Fig. 7: Application of the smart structure for the joint-movement sensing application.
figure 7

A 3D printing and electrode preparation on a smart lattice patch. Digital photographs of the smart lattice patch in different states: B compressed, C as-printed and D stretched. E Application of the smart patch on knee and elbow joints for the bending sensor. F Sensing response as a function of change in resistance while bending and straightening the joints. The SEM micrographs from the surface of G are shown in the lower portion of the figure, indicated with arrows. H The change in the resistance is depicted using a schematic showing the changes in the nanosilver coating microstructure, which resulted from stretching and compression. This change in nanosilver coating changes the path length of the electrons, and their movement is shown using red lines.

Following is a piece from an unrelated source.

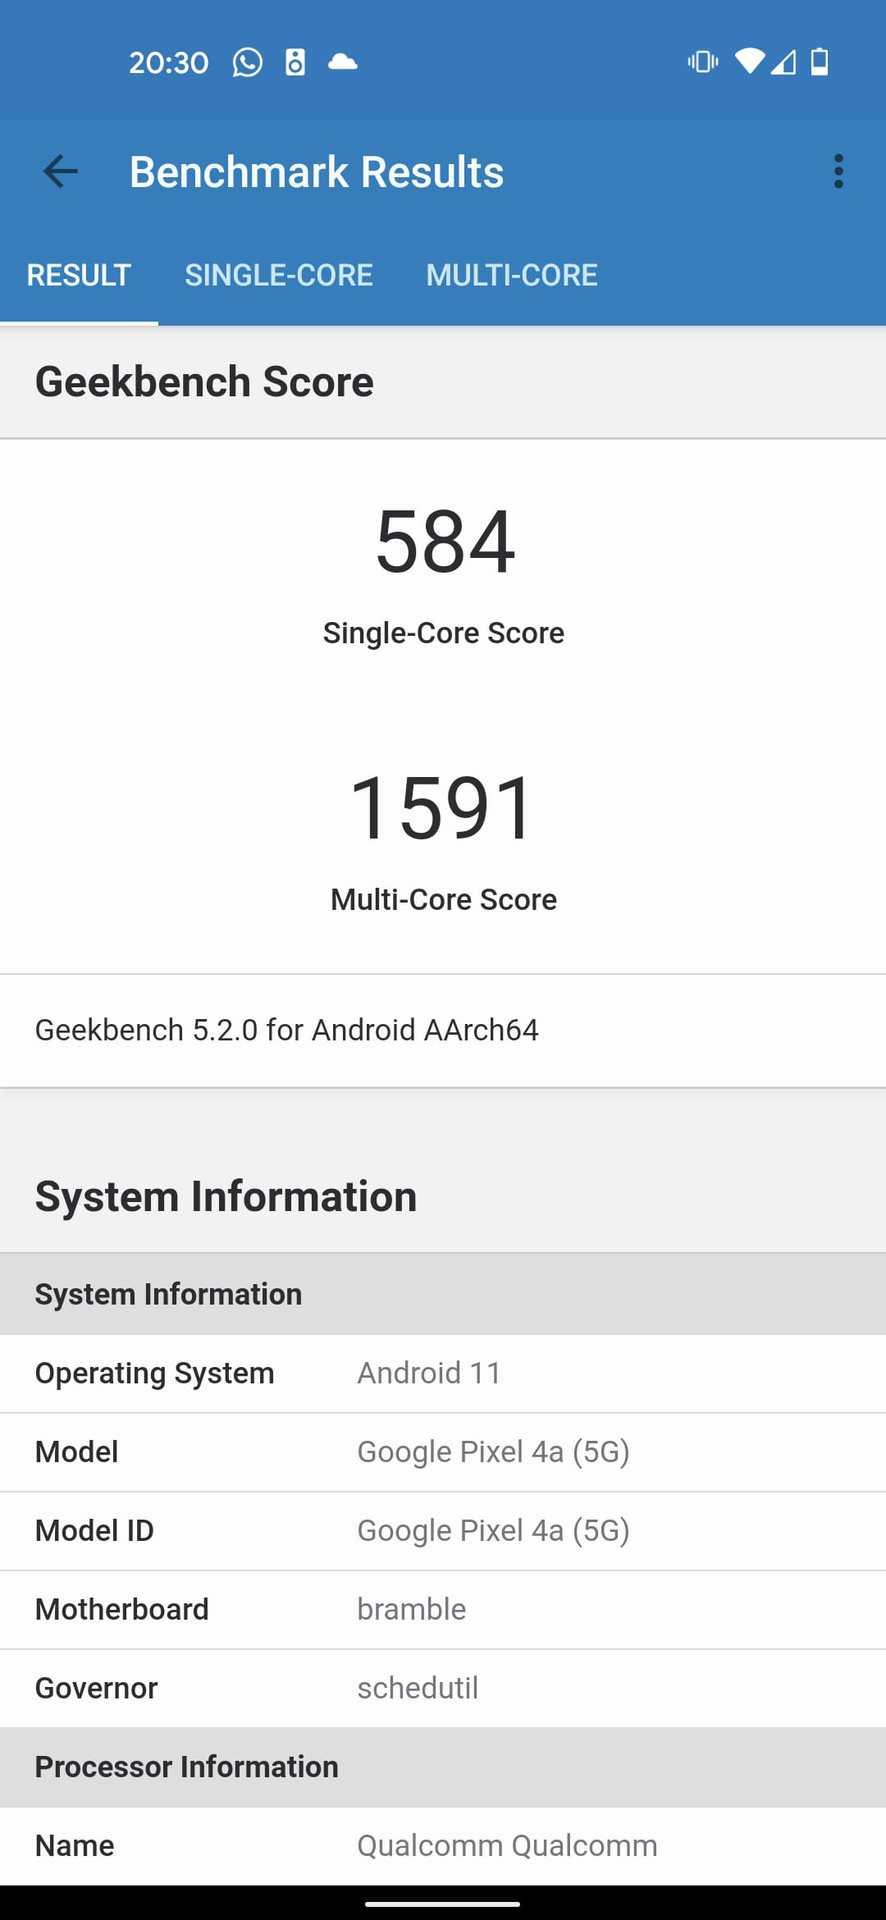 google pixel 4a 5g benchmark geekbench 5

The results from the resistance measurement of the prepared lattice electrode patch showed that it can be used as a smart patch for joint-movement sensing. The prepared smart patch can be applied to a human knee, elbow joints, artificial limb joints or robotic arms, or real limb joints to sense movements. The advantage of using a lattice smart patch prepared from SMPs is the capability of programming the patch according to the size of the patient or robot. Furthermore, the use of DLP printing techniques to prepare smart lattice patches is easier and faster than other manufacturing approaches.

Conclusions

The current study presents a method for 3D printing of smart materials using shape-memory polymers, which allows for easier and faster manufacturing via digital light processing. These 3D-printed objects can be programmed to create structures that change over time, known as 4D structures. To achieve this, a liquid crystal was combined with a resin and was printed using a commercial desktop 3D printer. Various complex objects were successfully created, such as lattice patches, foldable toys, smart packaging, and mechanical wrenches. By subjecting these objects to heat, their shapes could be temporarily changed and then recovered upon subsequent heating. The idea of mechanical tuning was demonstrated by stretching or compressing lattice structures created through 3D printing. Tensile tests showed that the mechanical properties of these structures can be adjusted through shape programming to meet specific application requirements. Additionally, the 3D-printed lattice patches were tested for strain sensing in joint-movement applications. Changes in electrical resistance were recorded from the 3D-printed smart patch as the joint opened and closed, allowing its application as a smart patch for movement detection in artificial limb joints or robotic arms.